▶ [Task statement] Transcribe the whole listing exactly, but do not carry over its pictures.

▶ [Provided data]
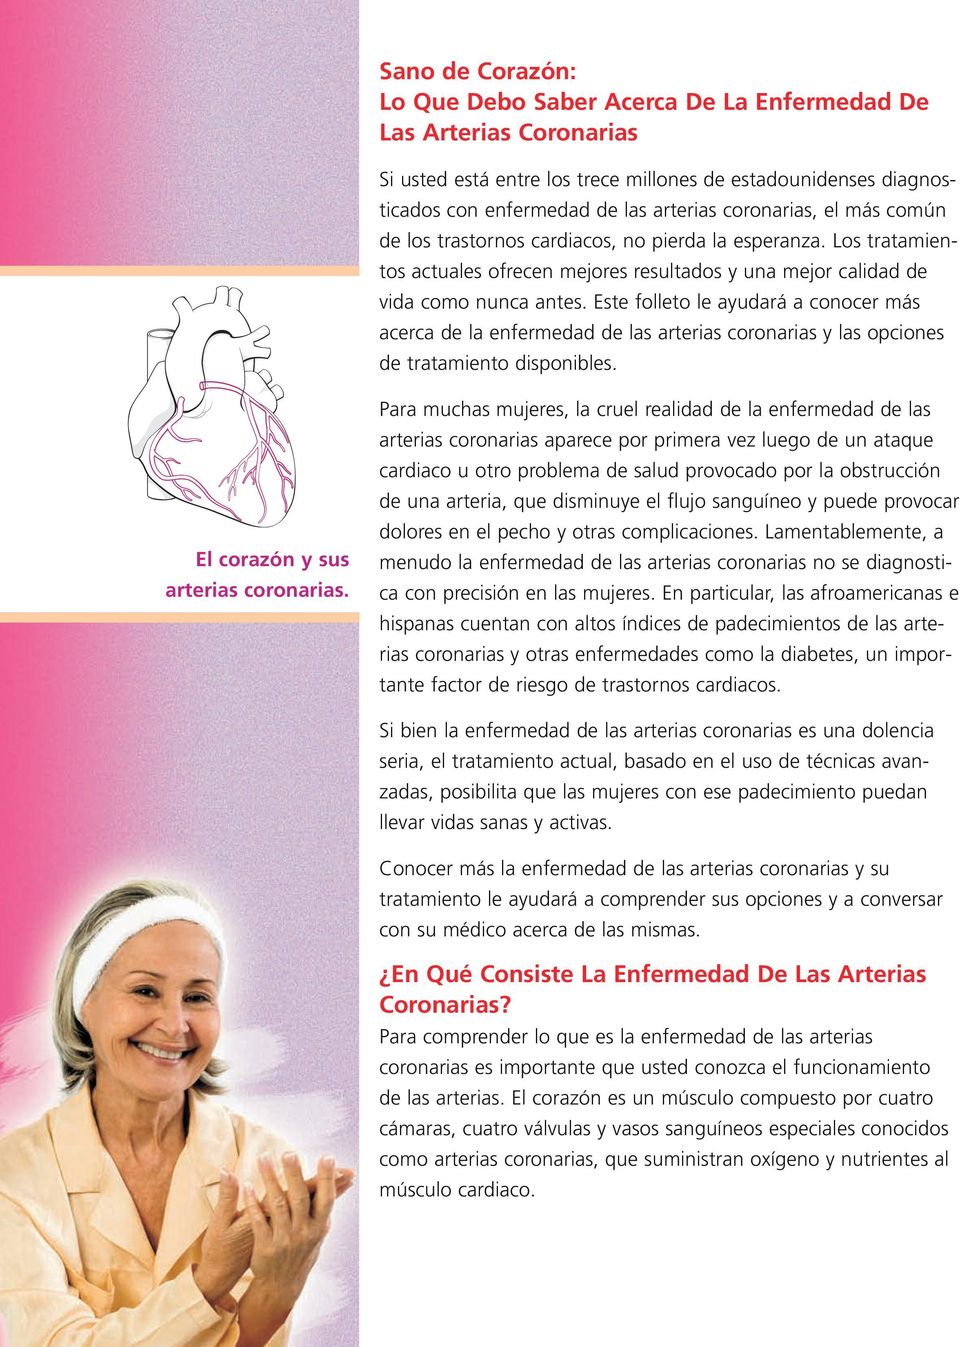 Este folleto le ayudará a conocer más acerca de la enfermedad de las arterias coronarias y las opciones de tratamiento disponibles. El corazón y sus arterias coronarias.
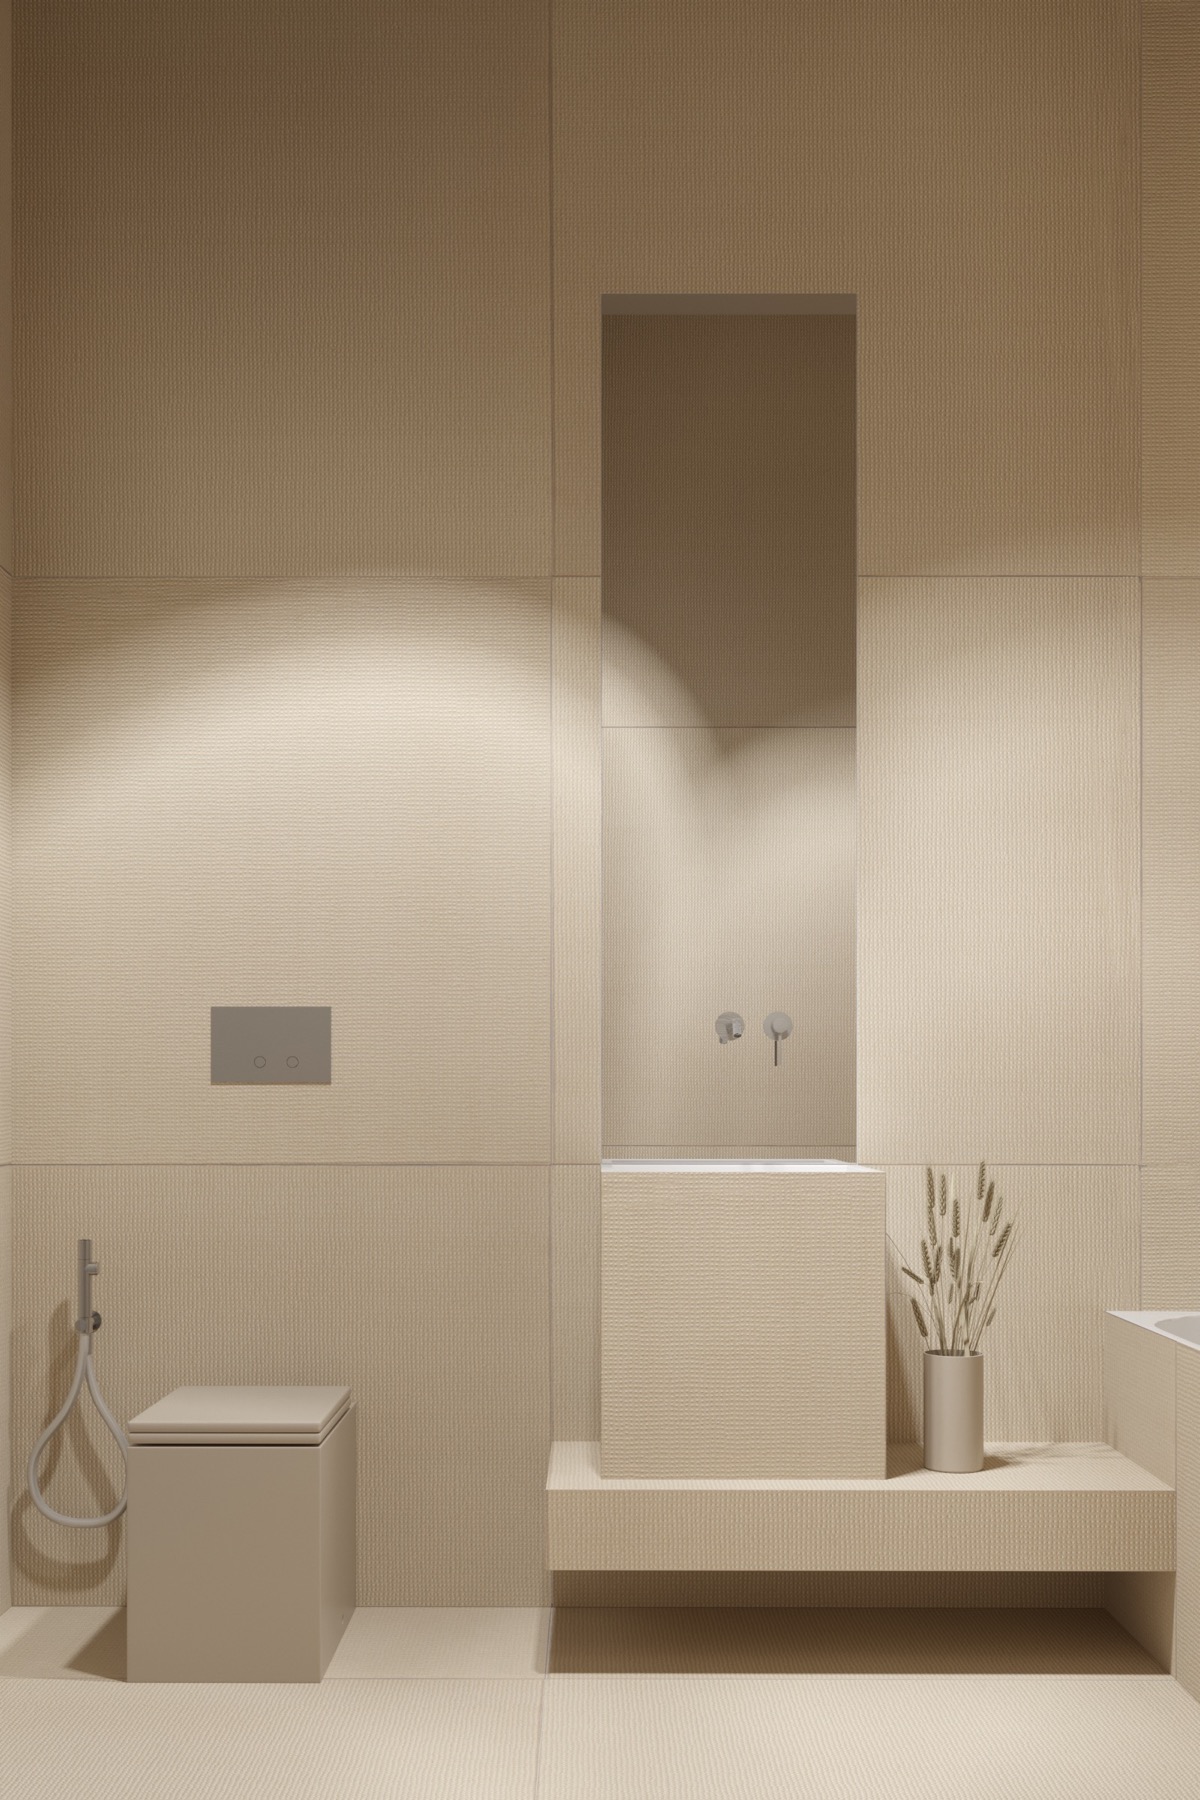 Bên cạnh màu trắng, tông beige này cũng được sử dụng nhiều khi nhắc đến phong cách tối giản. Phòng tắm này gần như đã đạt đến độ tối giản tuyệt đối với rất ít vật dụng được bày ra. Dù vậy thiết kế nội thất phòng tắm này vẫn cực thu hút thị giác.
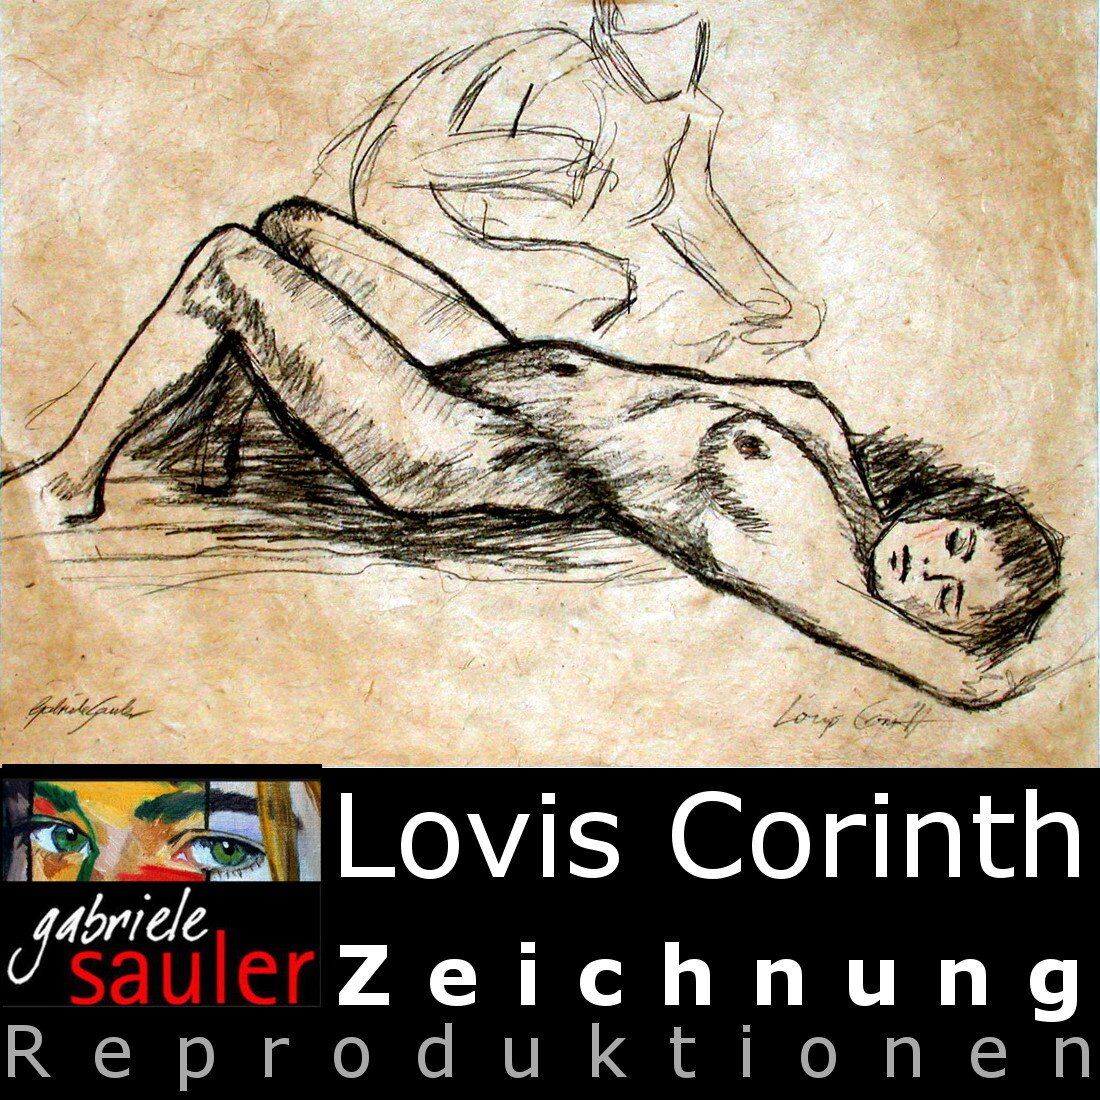 Konrad Kujau Meisterschülerin macht Kunstkopien zeichnen lassen als Repro ein Aktmalerei nach Lovis Corinth Liegender weiblicher Akt gezeichnet abgezeichnet von Gabriele Sauler

▶ [Written response]
 Este folleto le ayudará a conocer más acerca de la enfermedad de las arterias coronarias y las opciones de tratamiento disponibles. El corazón y sus arterias coronarias.
 Bên cạnh màu trắng, tông beige này cũng được sử dụng nhiều khi nhắc đến phong cách tối giản. Phòng tắm này gần như đã đạt đến độ tối giản tuyệt đối với rất ít vật dụng được bày ra. Dù vậy thiết kế nội thất phòng tắm này vẫn cực thu hút thị giác.
 Konrad Kujau Meisterschülerin macht Kunstkopien zeichnen lassen als Repro ein Aktmalerei nach Lovis Corinth Liegender weiblicher Akt gezeichnet abgezeichnet von Gabriele Sauler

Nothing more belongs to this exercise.